Adoção tardia e preferências

A realização da campanha estimulando a adoção tardia é saudada pelo juiz da Infância e Adolescência do Fórum de Erechim, Samuel Borges. Segundo o magistrado, toda ação que seja capaz de discutir o assunto com o propósito de conscientizar as pessoas interessadas em adotar é válido. Mudanças na lei para acelerar o processo também são bem-vindas, diz Borges. "A consumação da adoção é um dos momentos felizes que nós (juízes da Infância e Juventude) temos. Ações que trabalhem na construção do melhor encaminhamento para crianças, adolescentes e candidatos a adoção são necessárias e merecem ser saudadas", observa o juiz - que completa: "é impressionante ver o efeito positivo que a adoção trás à criança. Muitas mudam radicalmente em questão de poucos dias ou meses. É incrível", resume.

Miriam Batistella também saúda a proposta de estímulo à adoção tardia. Ela, que ainda não tem filhos, revela que pretende adotar um criança, de preferência, de 'mais idade'. "Não tenho preferência por idade, mas fico muito tocada pelos que têm mais de cinco, seis anos e que têm irmãos, por que com o passar do tempo as possibilidades de adoção infelizmente vão diminuindo", observa a jovem, para quem a adoção pode ser sintetizada por uma frase que a marcou: "o amor é mais forte que o destino".

 

Saiba mais:

# Neste sábado (25) é comemorado o Dia Nacional da Adoção - data que visa lembrar a importância do acolhimento de crianças e adolescentes por novas famílias.

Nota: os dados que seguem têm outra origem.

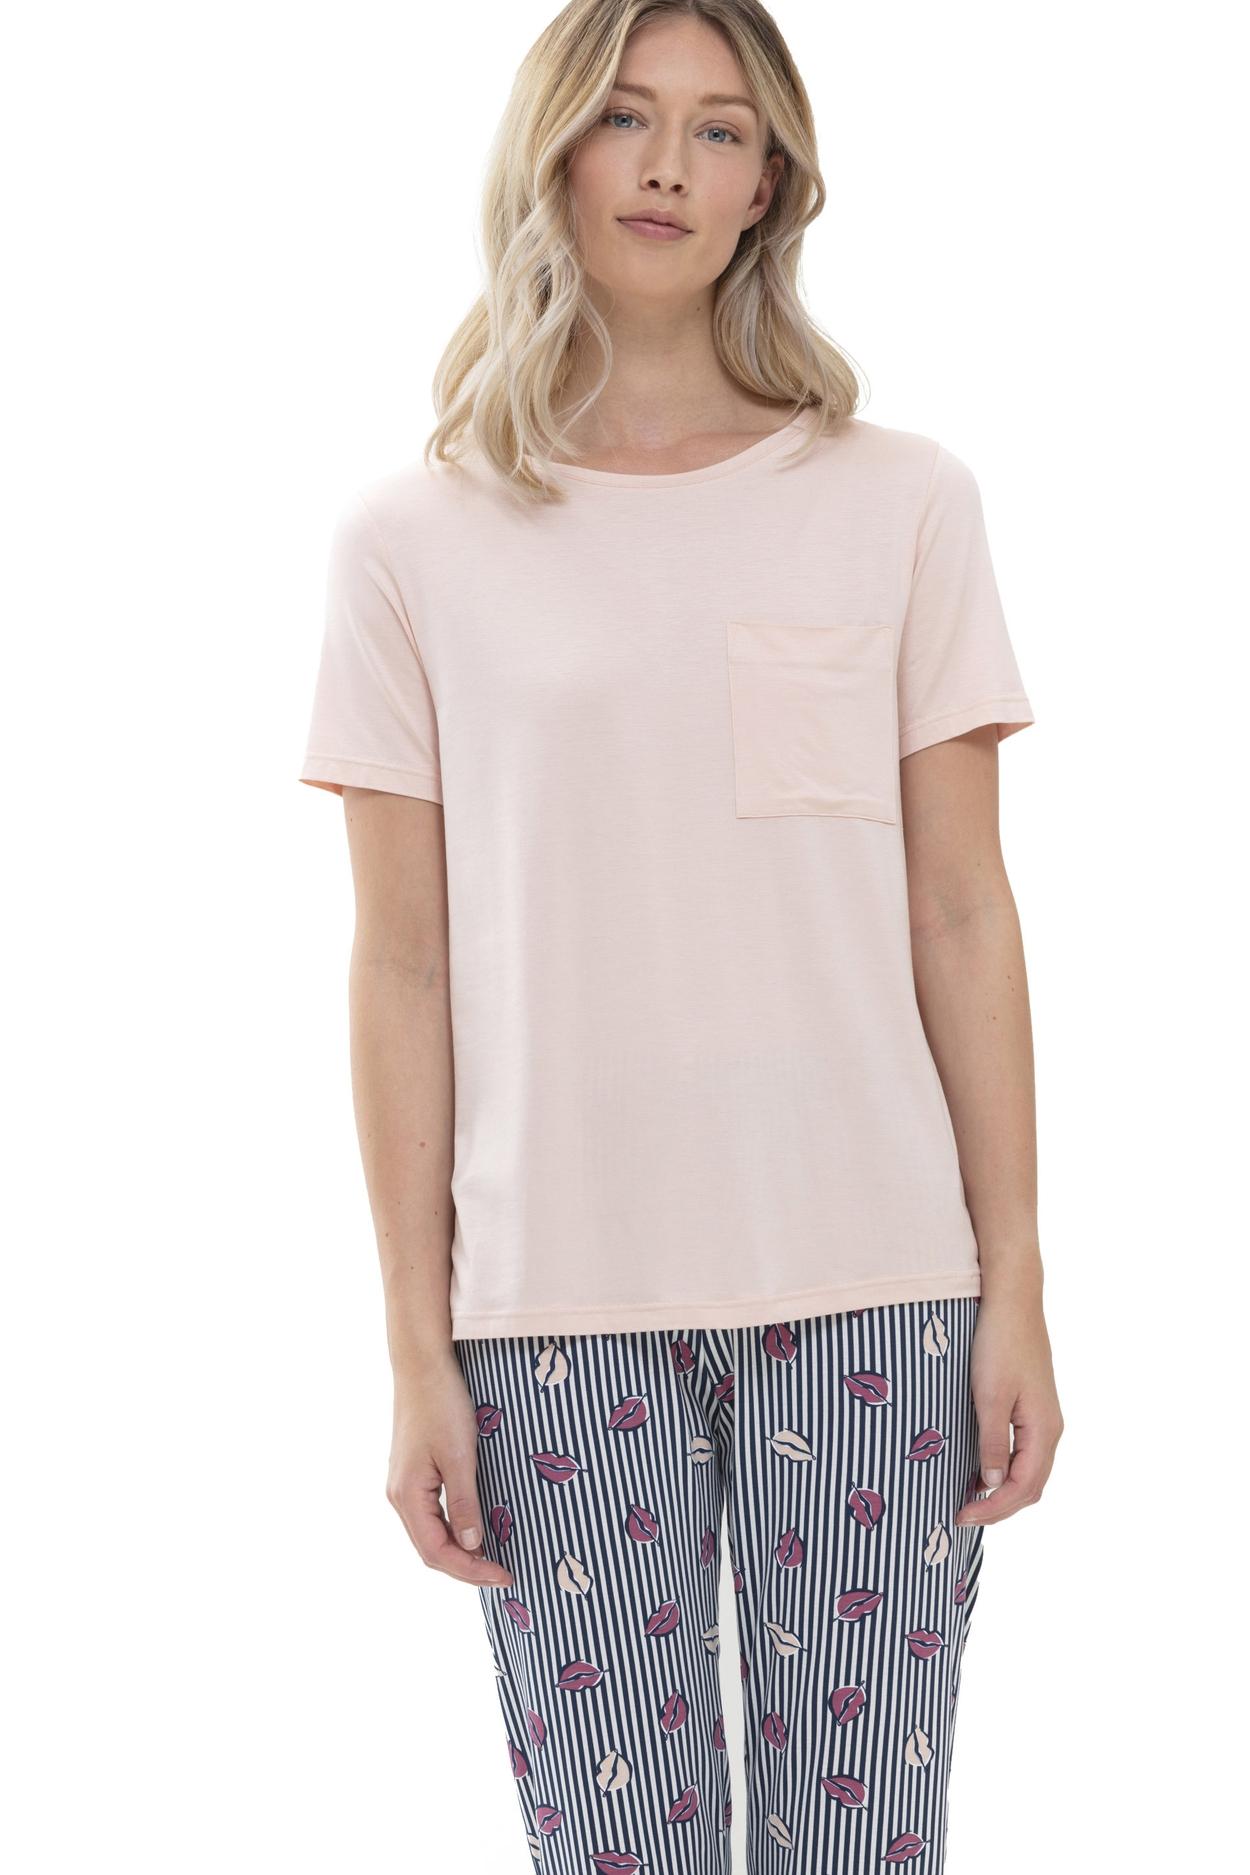 Женская вискозная футболка светло-персиковый 16659 Mey
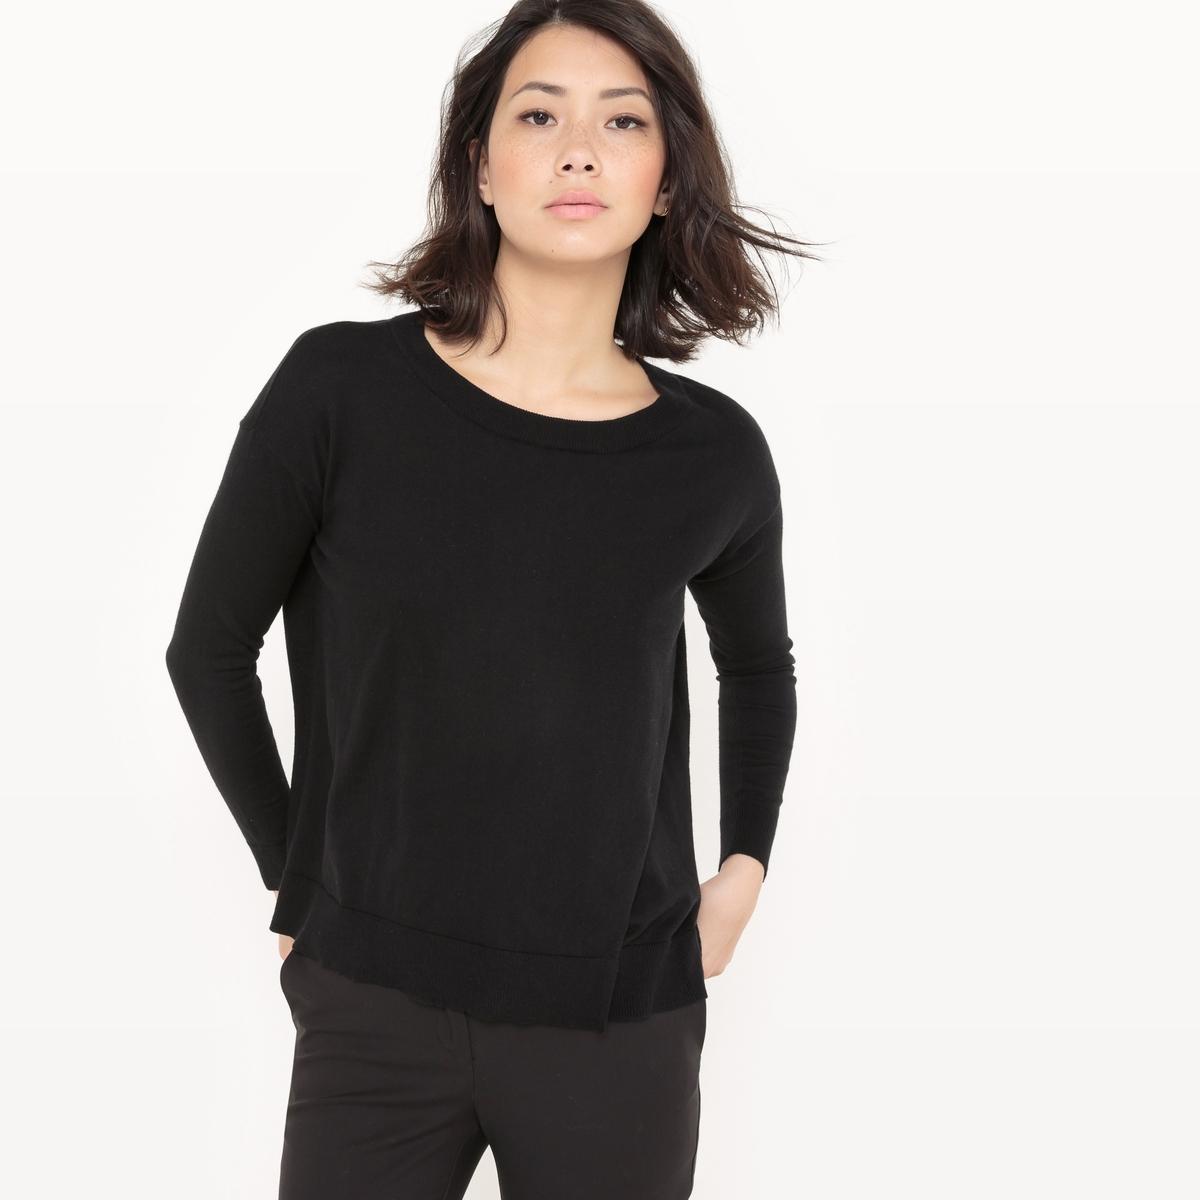 Пуловер с круглым вырезом из хлопка/шелка

# De acordo com o CNJ, a demora no procedimento de adoção no país se deve, em boa parte, ao perfil indicado pelos adotantes: crianças recém-nascidas, com um, dois ou três anos de idade e brancas. Os números do cadastro mostram que 14,74% do pretendentes aceitam somente crianças brancas, outros 61,95% não aceitam adotar irmãos. Os números do CNJ mostram ainda que 61,95% das crianças que estão em abrigos são pardas e negras; 25,68% tem algum tipo de deficiência ou doença crônica; e 55,46% tem irmãos ou irmãs.

# Conforme informações do Lar da Criança de Erechim, há, no momento, uma criança e quatro adolescentes aptos à adoção na casa.

# Neste ano o CNJ lançou a campanha #AdotarÉAmor no Facebook, Twitter e Instagram, uma forma de incentivar a adoção.

# Psicopedagogos destacam que os novos pais devem buscar orientação quanto ao desenvolvimento e relacionamento com o adotado. No ambiente escolar e na rotina diária deve haver comunicação franca e transparente, para que o desenvolvimento e a adaptação sejam efetivos. No caso de Miriam Batistella, ela explica que desde os três anos começou a receber informações a respeito da adoção. "Cresci tendo ciência do que aconteceu, e por isso acredito que o tudo tenha sido mais fácil", diz.